Luxury outwear retailer, Canada Goose Holdings Inc’s net loss widened in Q1, FY26 despite the brand reporting a 22.4 per cent Y-o-Y increase in total revenue, reaching CA$107.8 million.
The company's direct-to-consumer (DTC) revenue increased by 23.8 per cent to CA$78.1 million. This growth was primarily fueled by a 14.8 per cent rise in comparable sales and the positive impact of newer store openings. Canada Goose has been actively expanding its retail footprint, including converting two temporary locations into permanent ones, bringing its total permanent store count to 76.
The company’s wholesale revenue also rose by 11.9 per cent to CA$17.9 million. Other revenue streams, which include Friends & Family events, experienced a substantial growth of 31.1 per cent to CA$11.8 million, further contributing to the overall top-line growth. The company's gross profit rose 25.9 per cent to CA$66.2 million, with the gross margin improving to 61.4 pe cent. This margin improvement was partly attributed to higher-margin output from Canada Goose's European knitwear facility.

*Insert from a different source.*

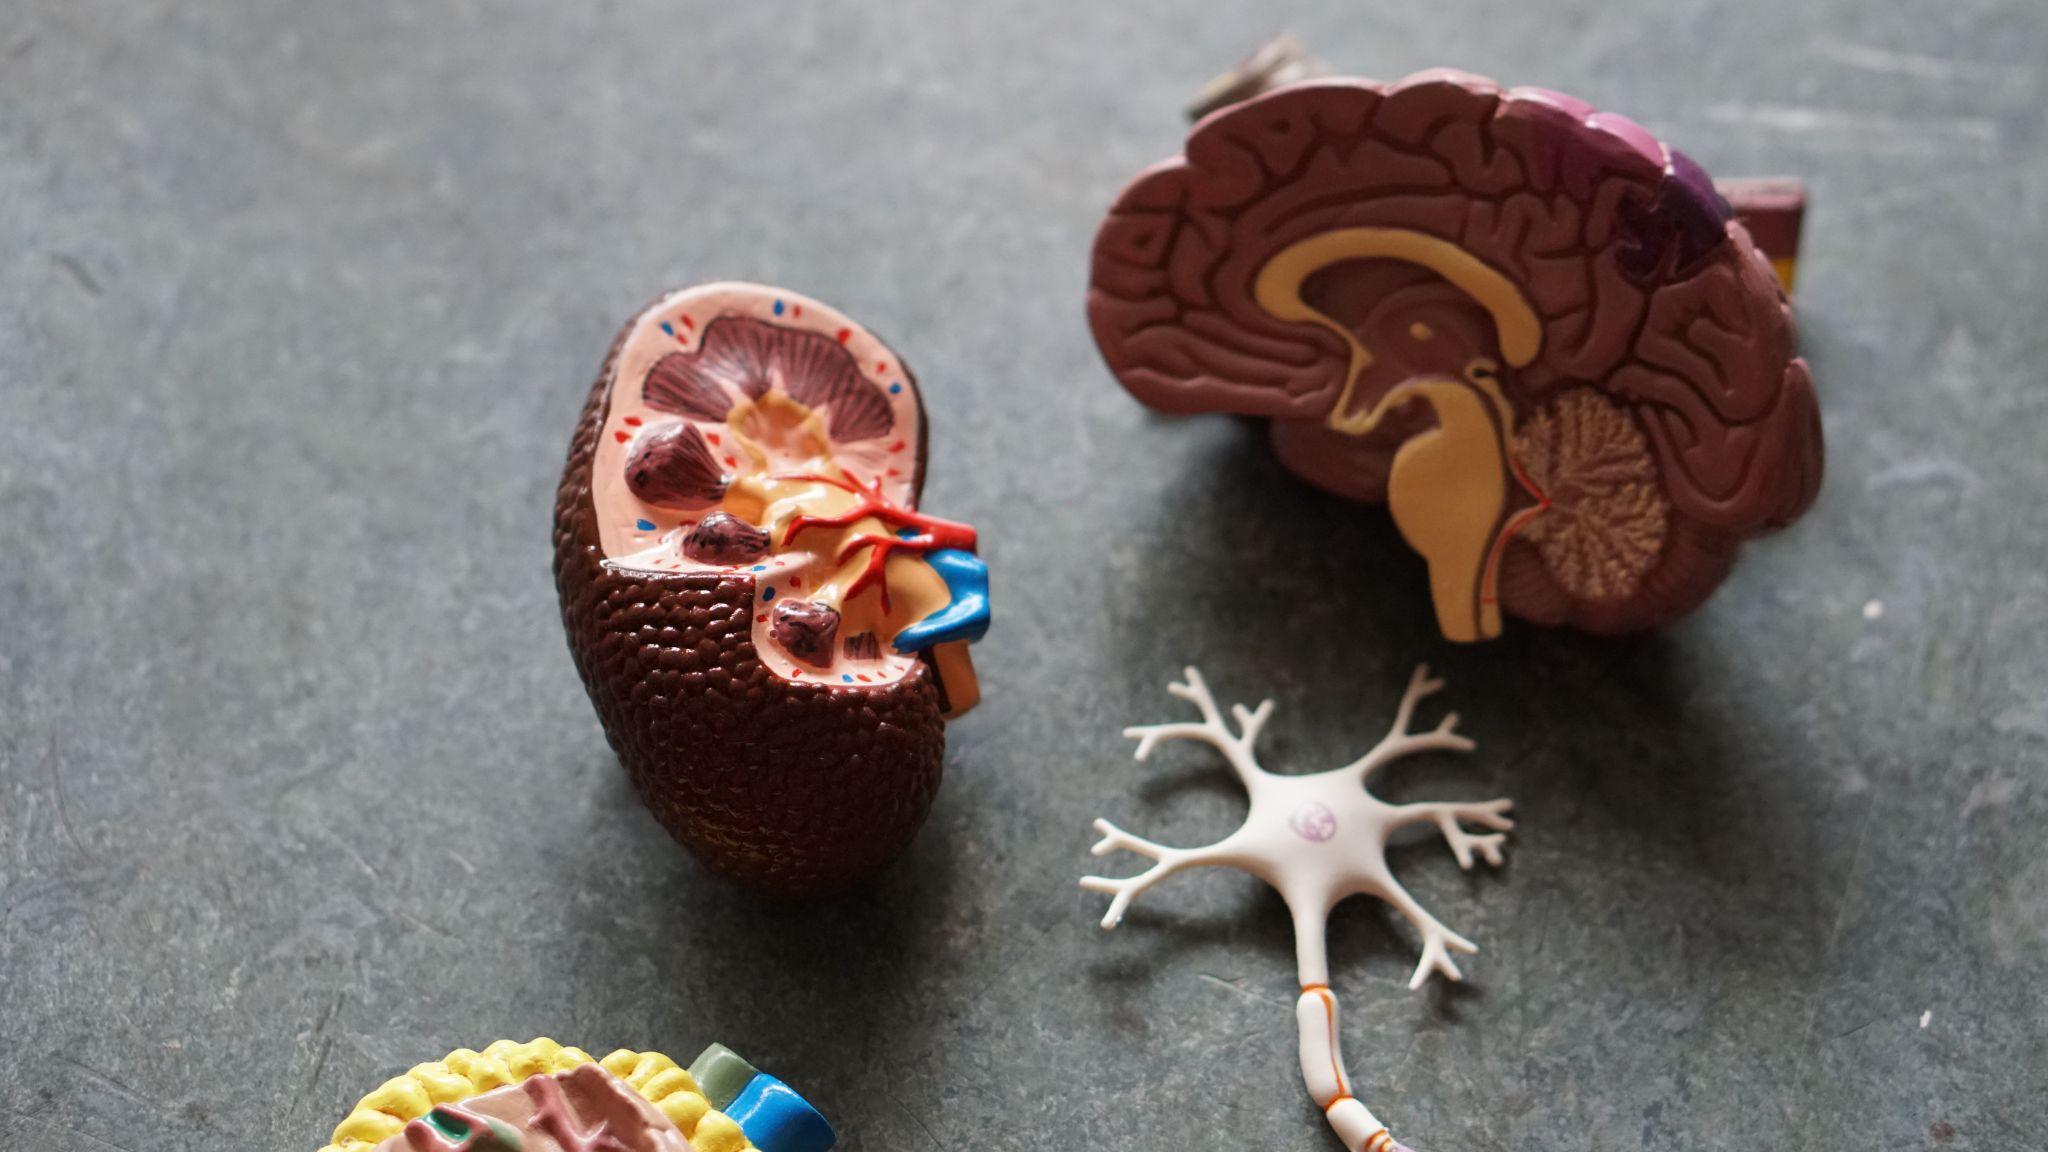 Kidneys anatomy model for display

However, these positive revenue and gross profit figures were overshadowed by a widening net loss. The company’s net loss attributable to shareholders reached CA125.2 million, , a significant increase from CA77.4million, in the same quarter last year. The operating loss also expanded to CA158.7million.
Beyond the financials, Canada Goose made several strategic moves, including the launch of its Spring-Summer 2025 collection and the second Snow Goose capsule. The brand also introduced a revamped store concept in Amsterdam and reported notable progress on its sustainability goals, achieving a 9 per cent reduction in Scope 1 and a 25 per cent reduction in Scope 3 emissions.
Dani Reiss, Chairman and CEO, Canada Goose, affirms, the brand is off to a strong start withn DTC performance growth. The brand is executing everything with precision, from bold storytelling to smarter retail moves, he adds.